→ **Your goal**:
Reproduce word for word the lines between those holding "Big cities do evoke a sense of menace." and "Time budget of", inclusive, and nothing else from the data below.

→ **Data provided**:
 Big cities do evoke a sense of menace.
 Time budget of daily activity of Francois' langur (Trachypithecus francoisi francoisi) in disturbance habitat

--

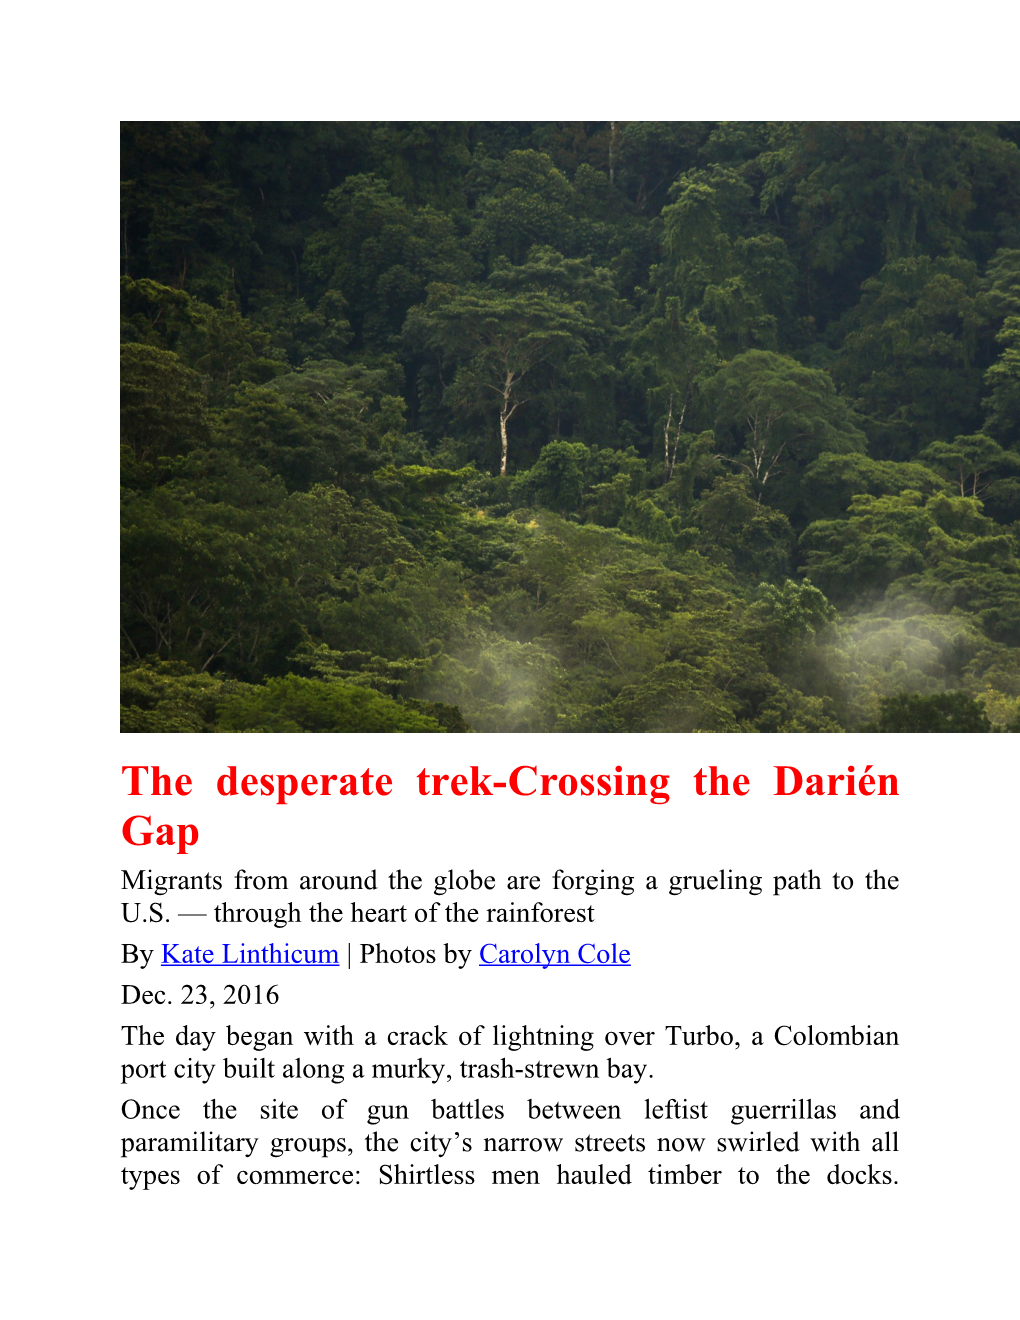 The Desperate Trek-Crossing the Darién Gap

→ **Response**:
 Big cities do evoke a sense of menace.
 Time budget of daily activity of Francois' langur (Trachypithecus francoisi francoisi) in disturbance habitat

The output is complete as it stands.